Elph Rig - built in January 2003

In January 2003 I built a new rig for my Canon Elph. The rig uses some ideas from Cris Benton's Elph rig, though it has no HoVer capability. Here are some pictures taken during its construction. The rig is made of 2mm aluminium (my first rig used 1.5mm and was a bit too flexible). As before, gears, axles and bushes came from disassembled scrap video recorders (obtained free from video repair shops!).

This rig, though more robust, actually weighs less than rig 1 - largely due to the lighter camera. The total weight of 774 grams breaks down like this:
rig (without camera and picavet) 486gm
Elph camera (including battery and CF card) 224gm
picavet suspension 64gm

In May 2003 an optional video downlink module was added to this rig. Details are here. In May 2004 the rig was badly bent in an accident and was rebuilt for an Ixus 500. It then looked like this. In February 2005 another accident finally brought about its demise. See here.

The two parts that make up the camera frame. The small piece (made of 1.5mm angle) will, after further sawing, become the shutter servo support. The large piece has been bent into shape, but as yet no holes have been drilled. The pieces are resting on a drawing of the rig showing the dimensions of the camera and the position of its control buttons.
The camera frame almost ready for balancing. The shutter servo is in place and holes have been made for the bolt that screws into the camera tripod socket and for access to the on/off and shutter buttons. Later a layer of thin ply will be glued to the bottom of the frame to protect the base of the camera from being scratched.

The set of parts that make up the rig (before painting). Click for more information on construction details.
The first assembly of the rig.
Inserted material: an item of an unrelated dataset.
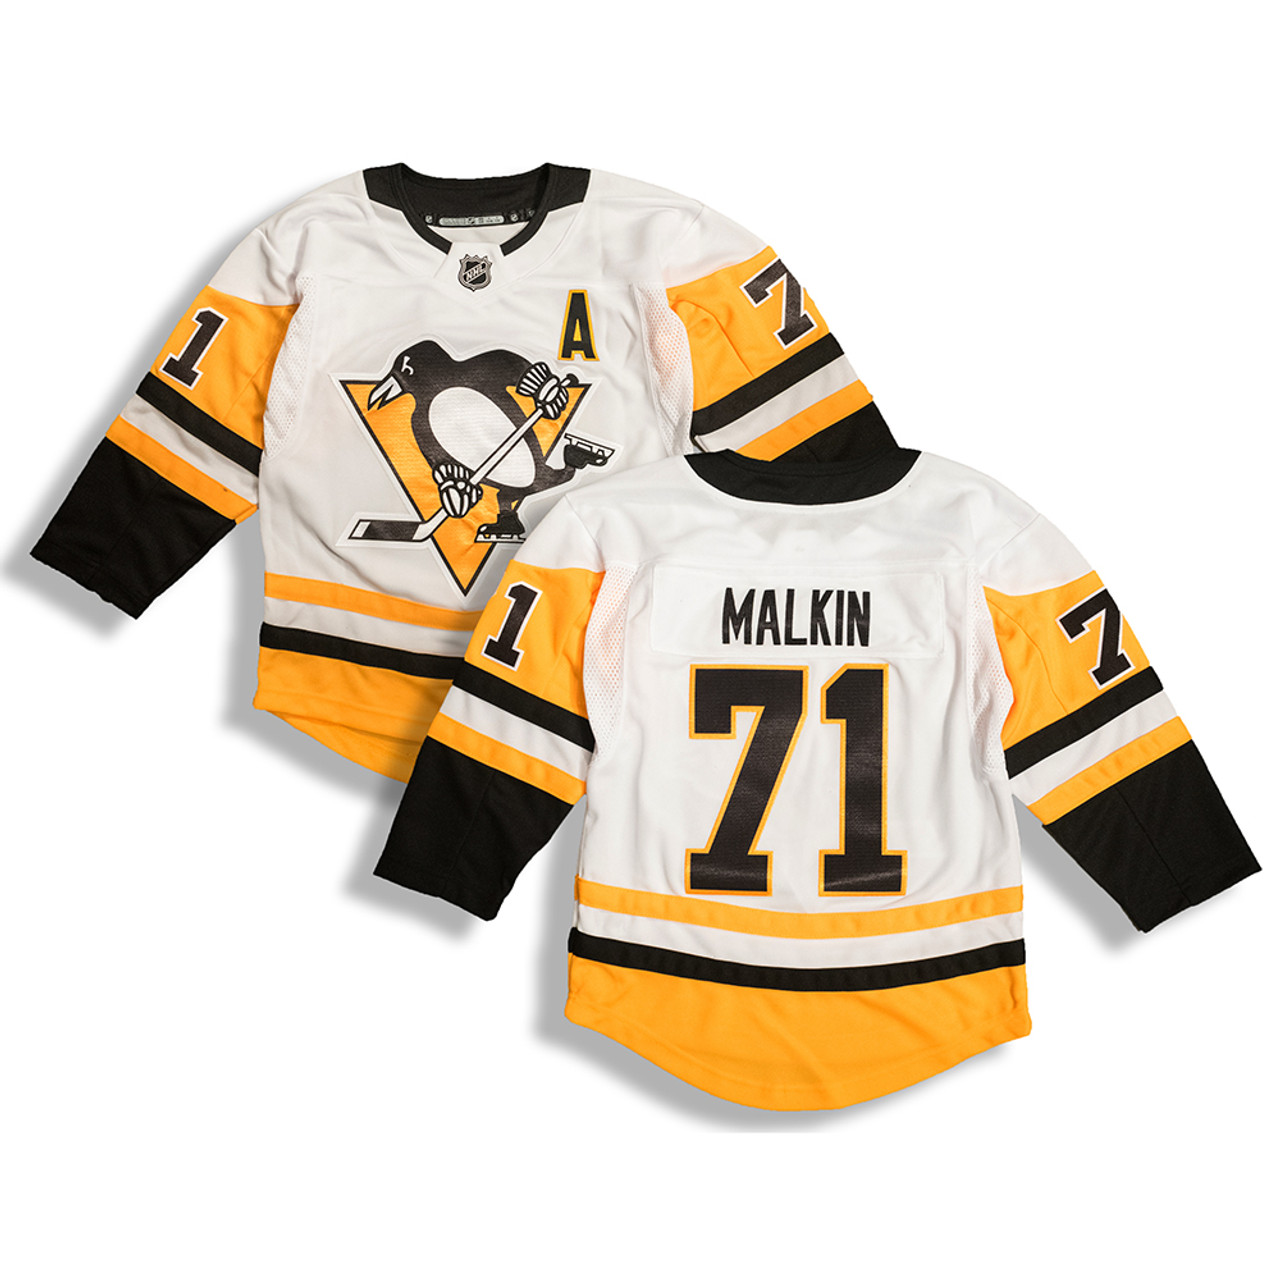 Youth Pittsburgh Penguins jersey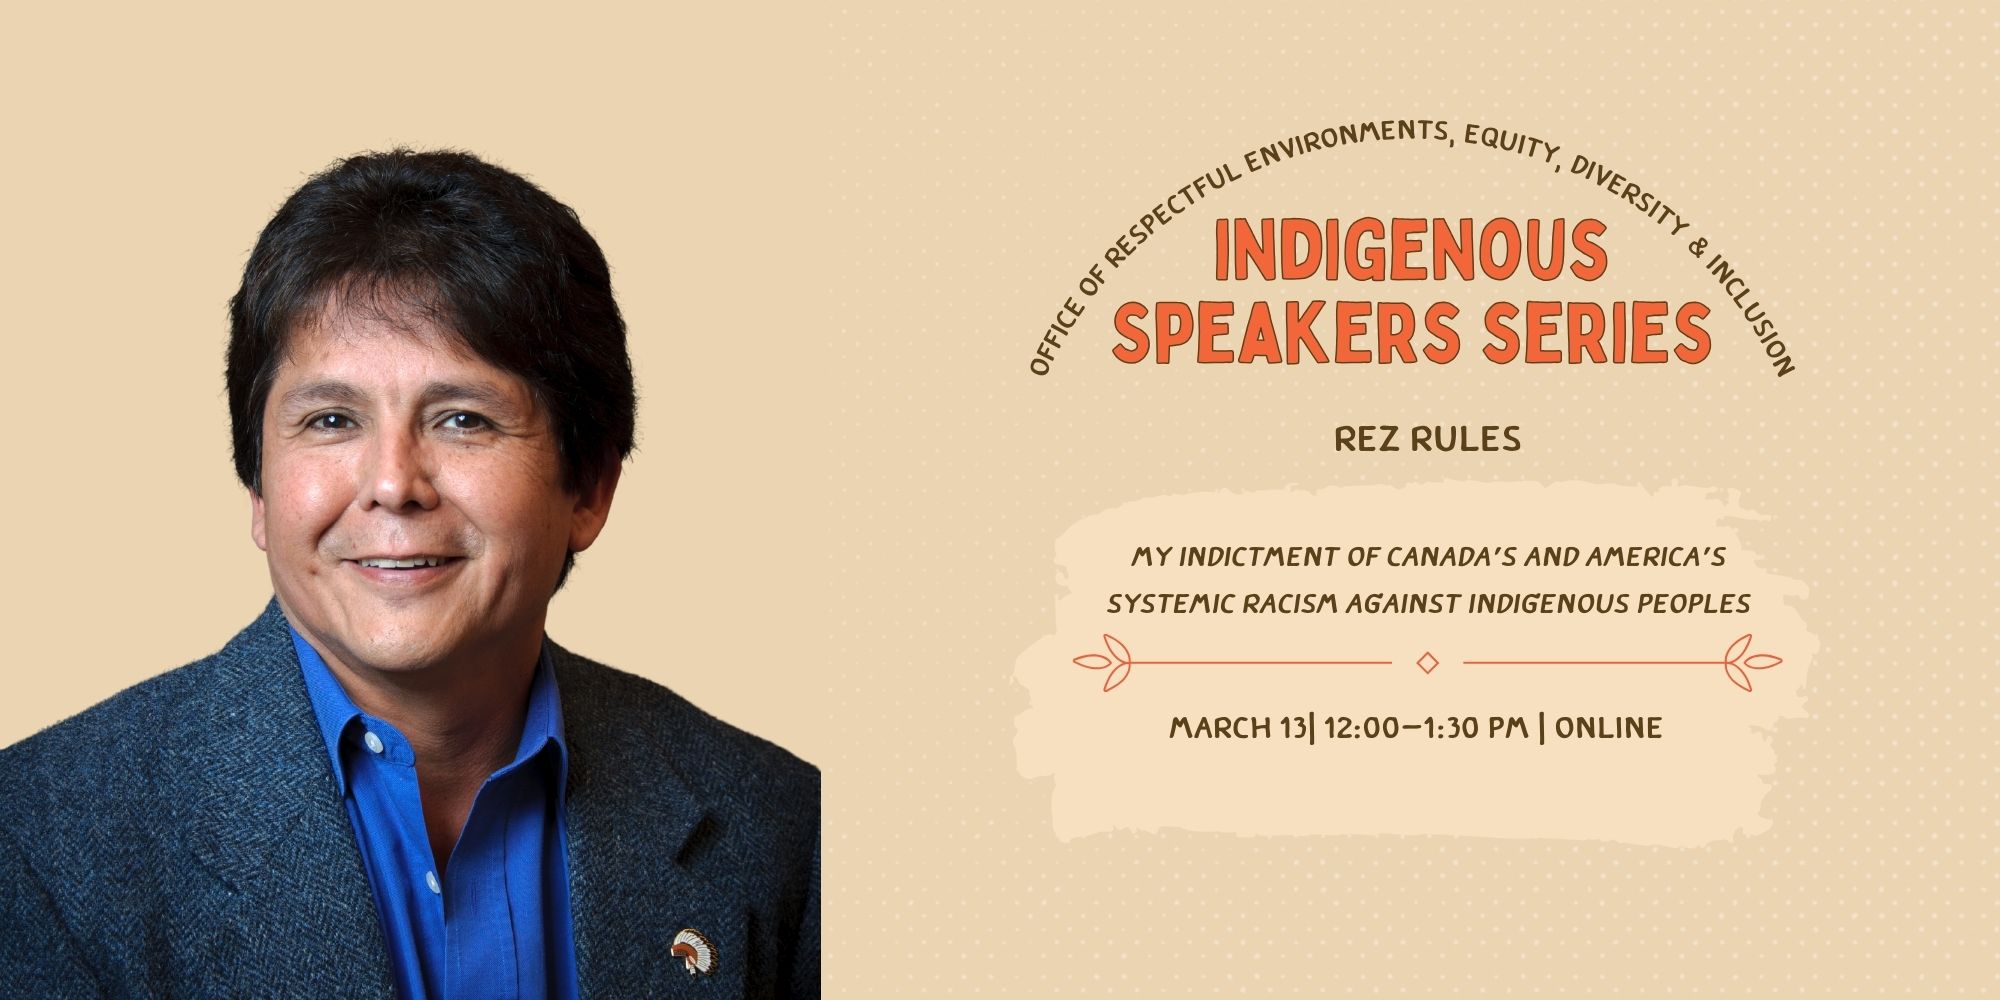 Faculty of Medicine REDI Office Indigenous Speaker Series presents: Rez Rules: My Indictment of Canada’s and America’s Systemic Racism Against Indigenous Peoples

The tripod legs are temporary versions until I buy some carbon fibre rods.

A front view of the completed rig. Note the Pekabe blocks on the picavet suspension.
A rear view of the rig. The shutter servo 'finger' can be clearly seen.

An end view. The two aluminium temporary legs come from a micro-tripod for 35mm cameras.
A close-up view from the front. The notch at the back of the camera frame allows the camera to be switched on and off (and the mode to be switched to manual) without removing it from the frame.